■ What is being asked: The data must be reproduced verbatim; images are to be omitted.

■ Stored data:
—————

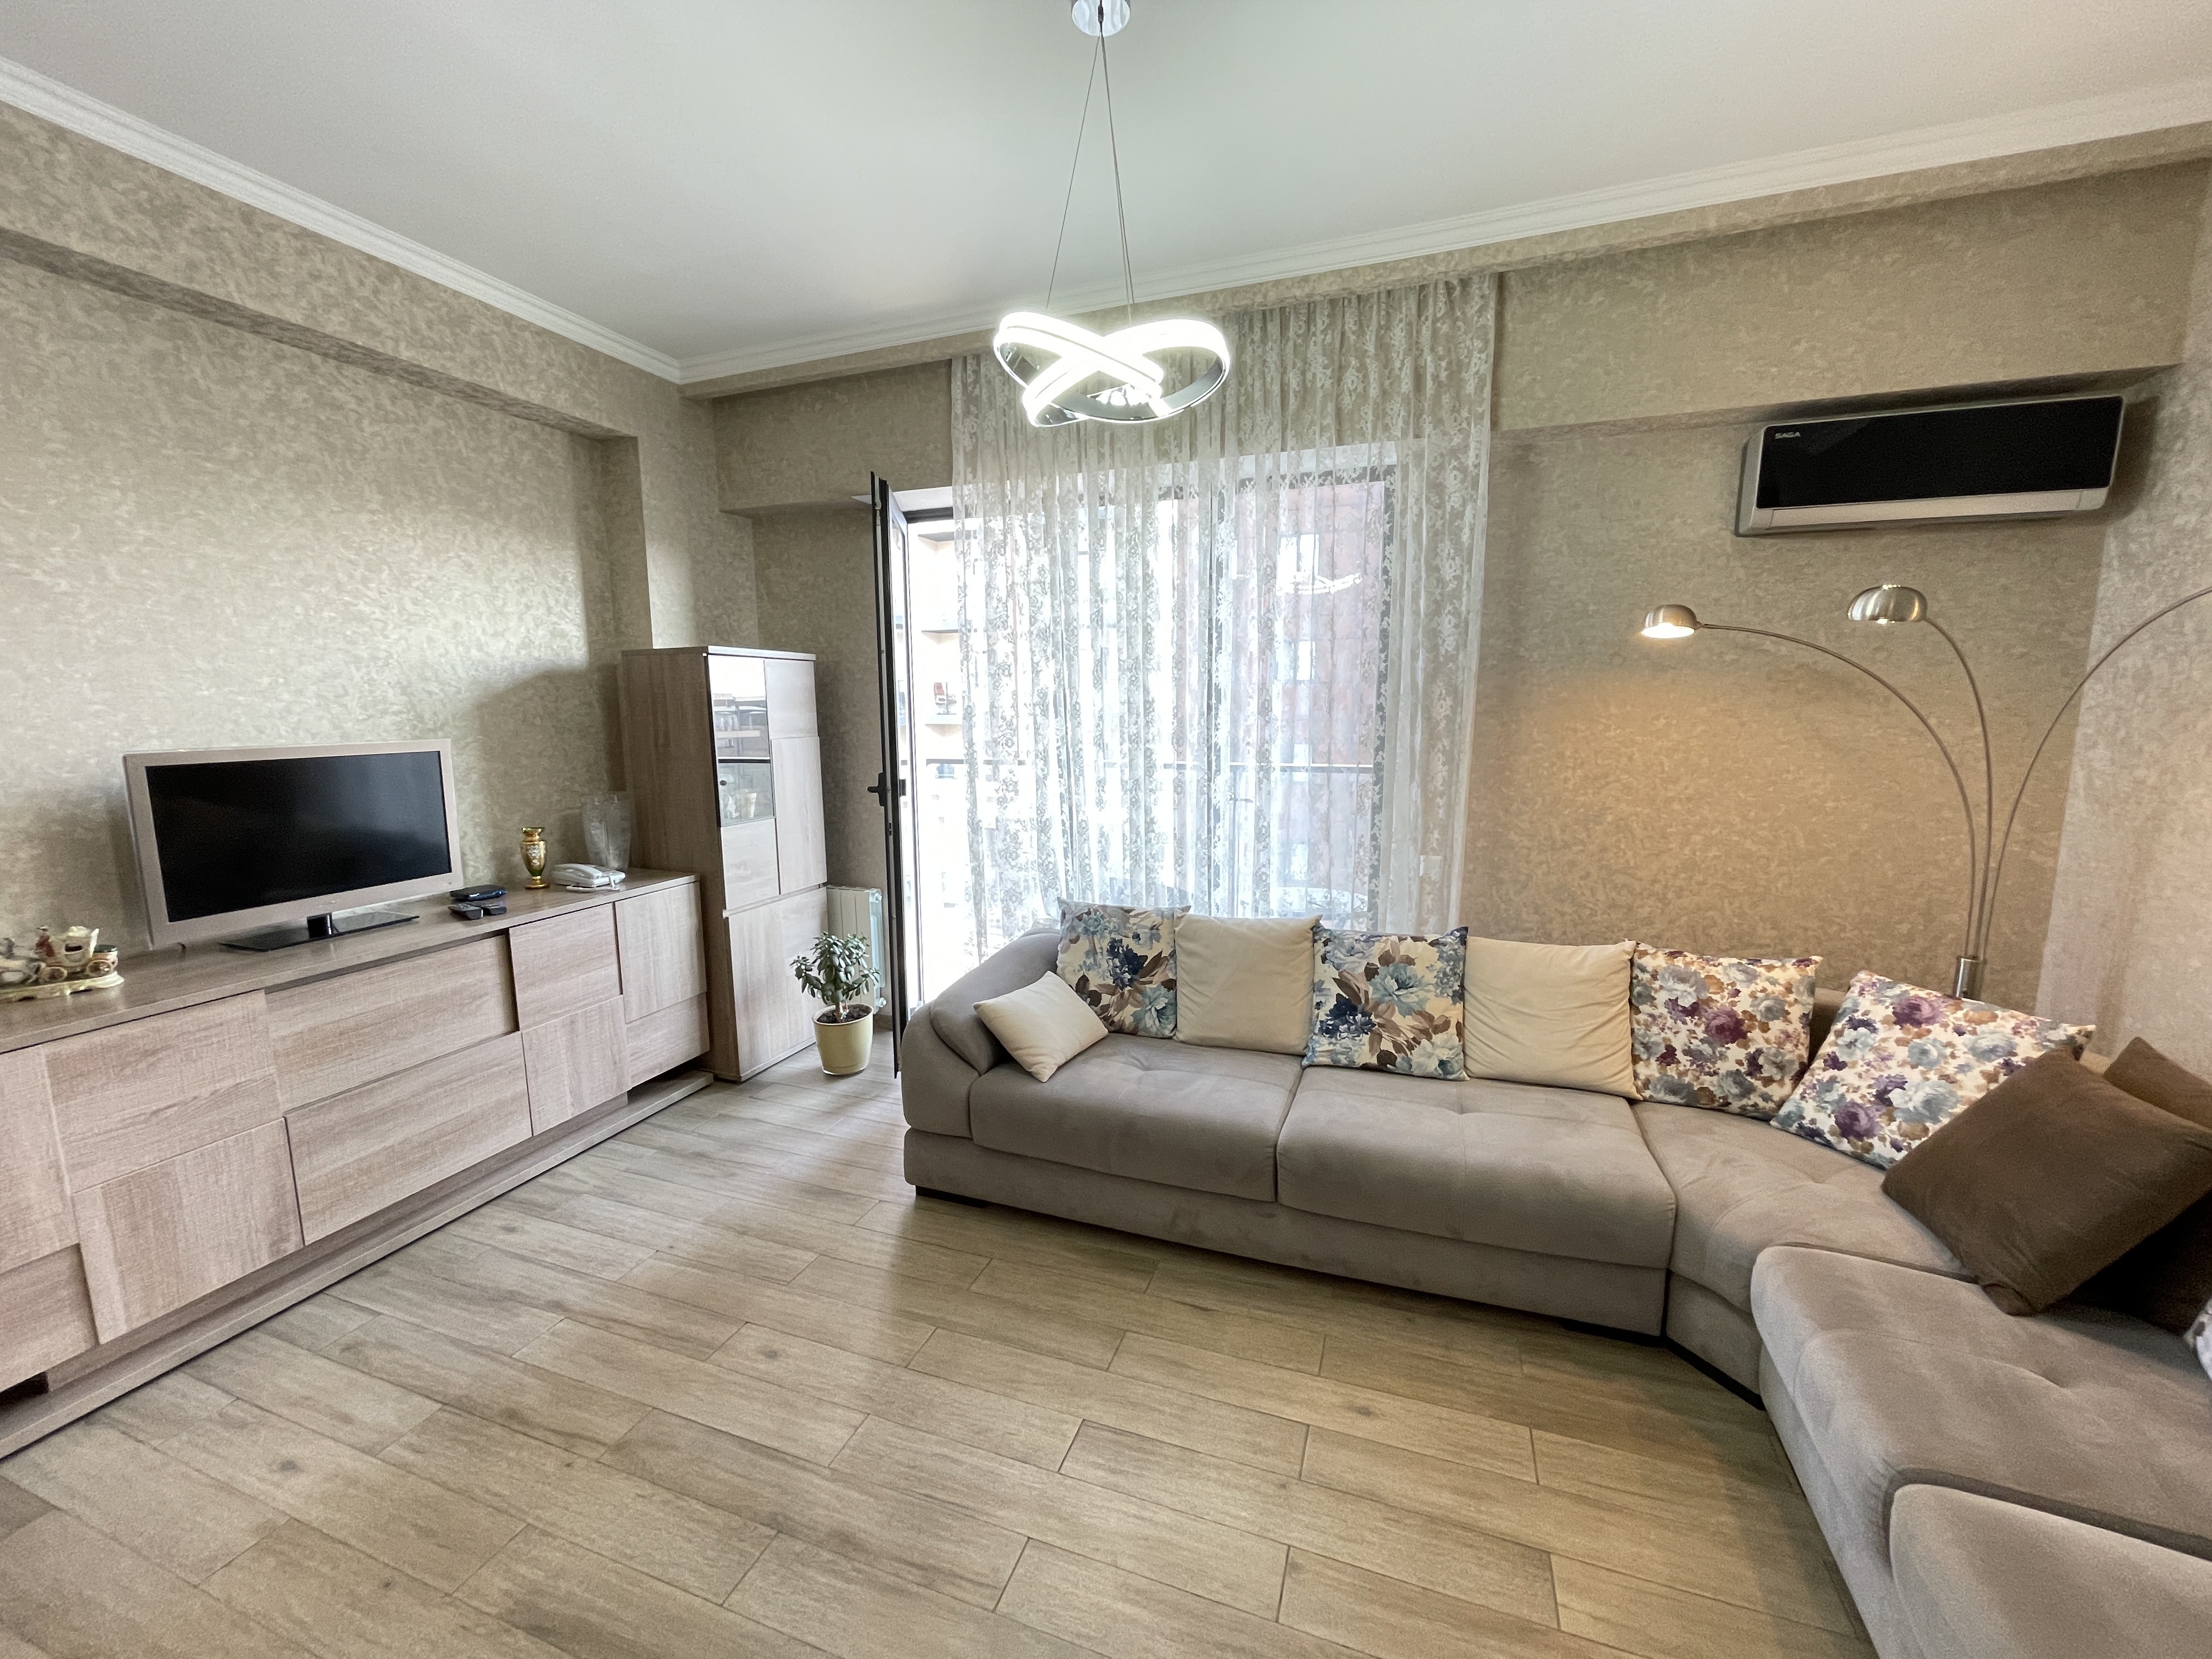 3-Room Apartment For Rent At “M2 On Kazbegi 2”
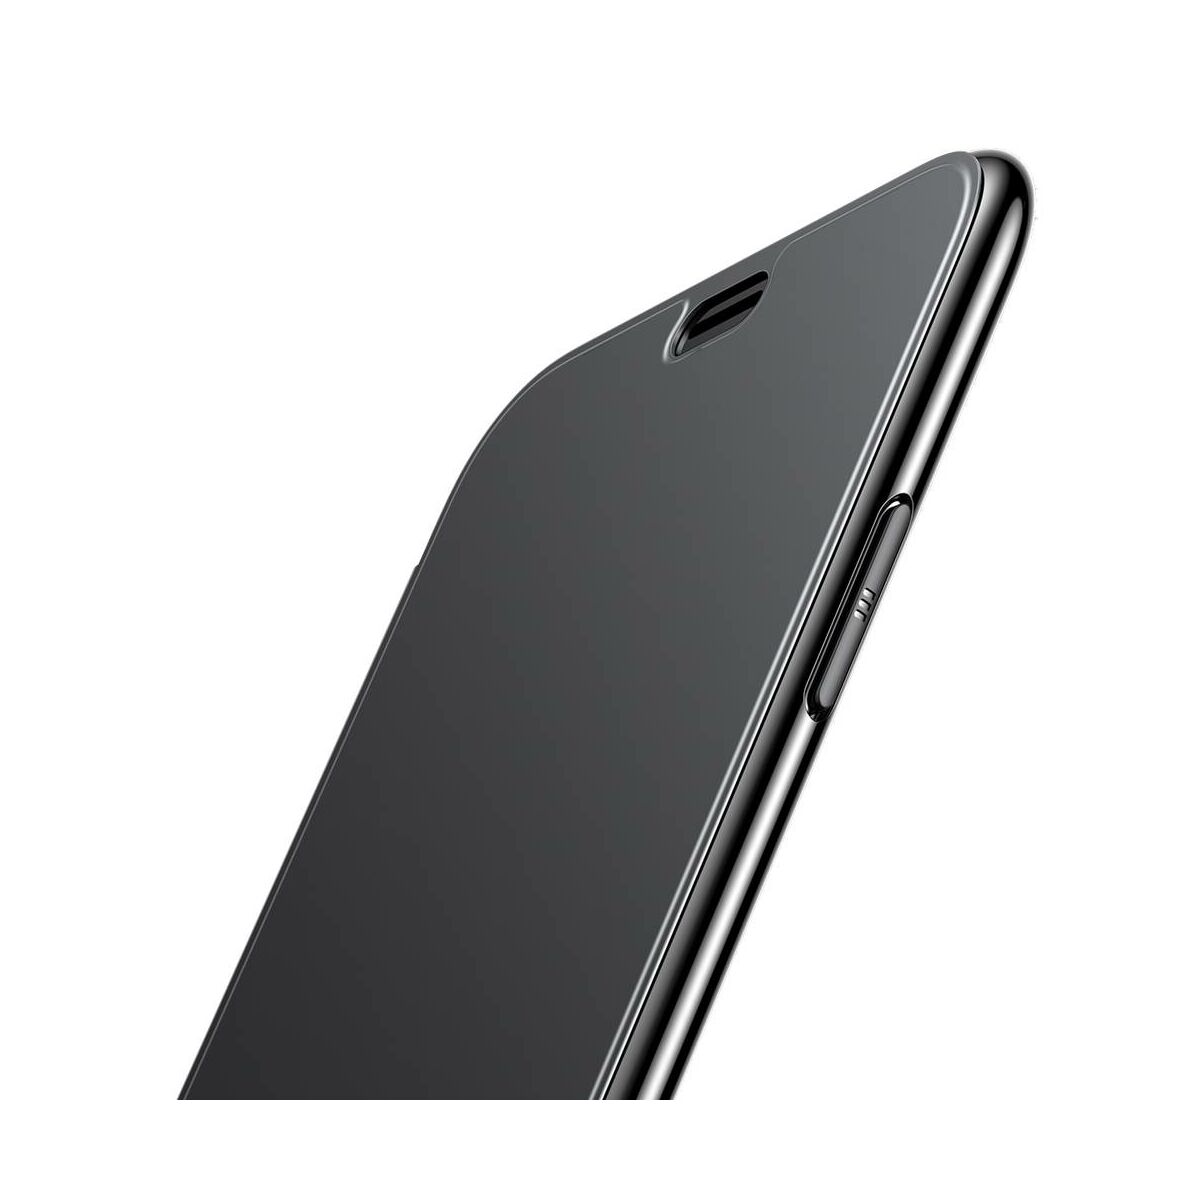 Kép 6/8 - Baseus iPhone XR tok,tok, Touchable kihajtható, érintőfelületű flip tok, fekete (WIAPIPH61-TS01)
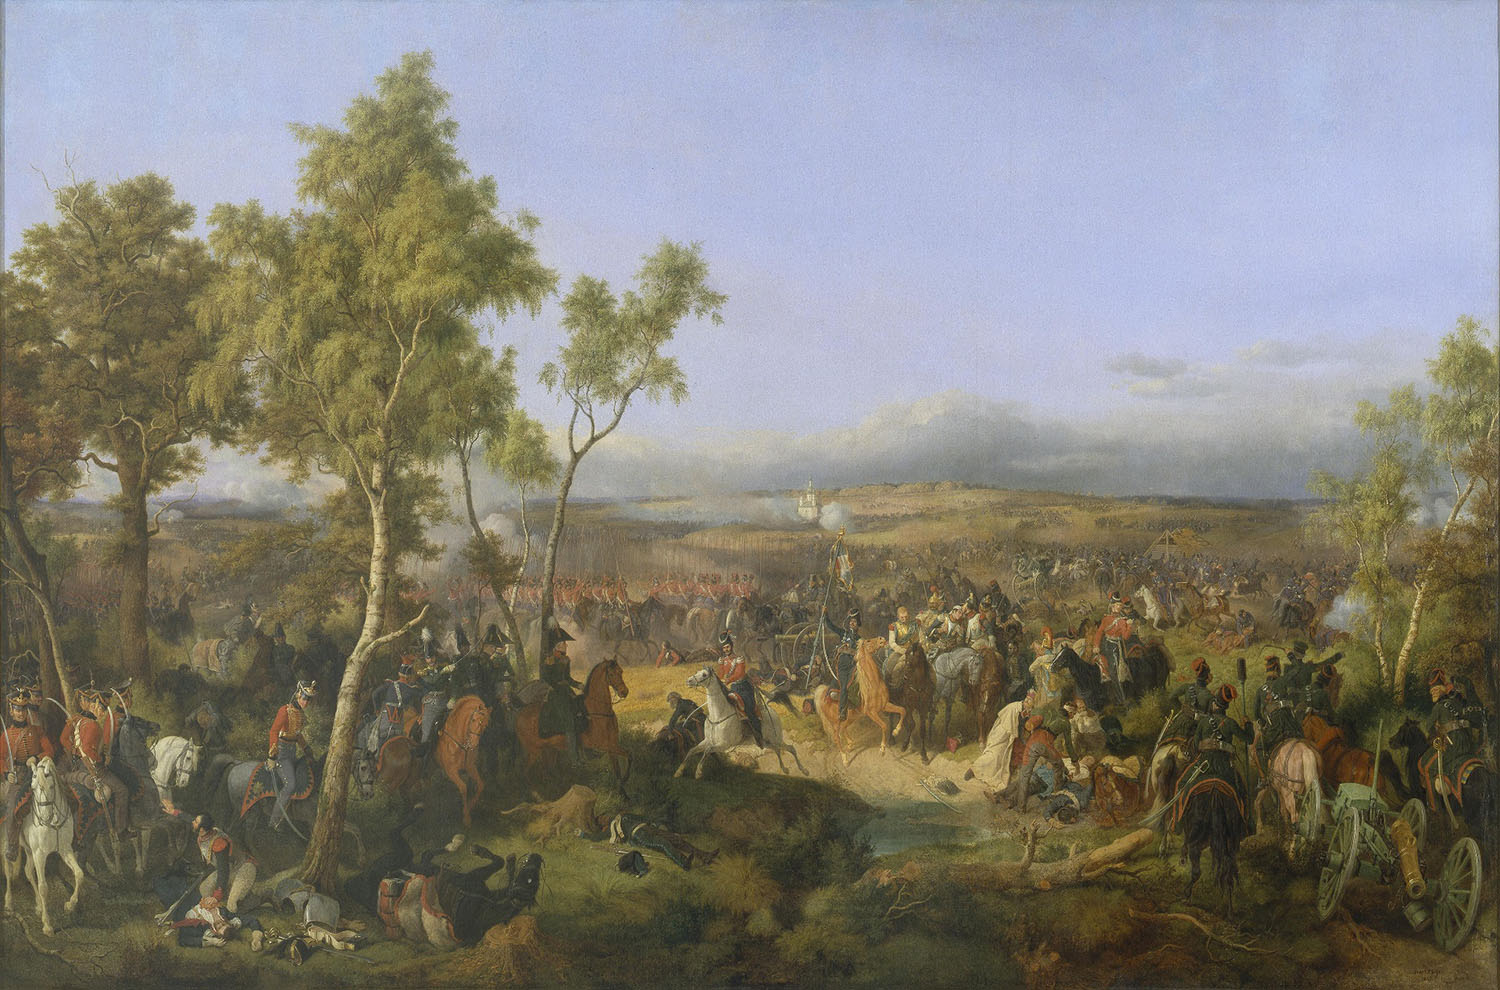 Петер фон Хесс (Гесс). "Сражение при Тарутине 6 (18) октября 1812 года". 1847. Эрмитаж, Санкт-Петербург.

—————

■ Final answer:
 3-Room Apartment For Rent At “M2 On Kazbegi 2”
 Kép 6/8 - Baseus iPhone XR tok,tok, Touchable kihajtható, érintőfelületű flip tok, fekete (WIAPIPH61-TS01)
 Петер фон Хесс (Гесс). "Сражение при Тарутине 6 (18) октября 1812 года". 1847. Эрмитаж, Санкт-Петербург.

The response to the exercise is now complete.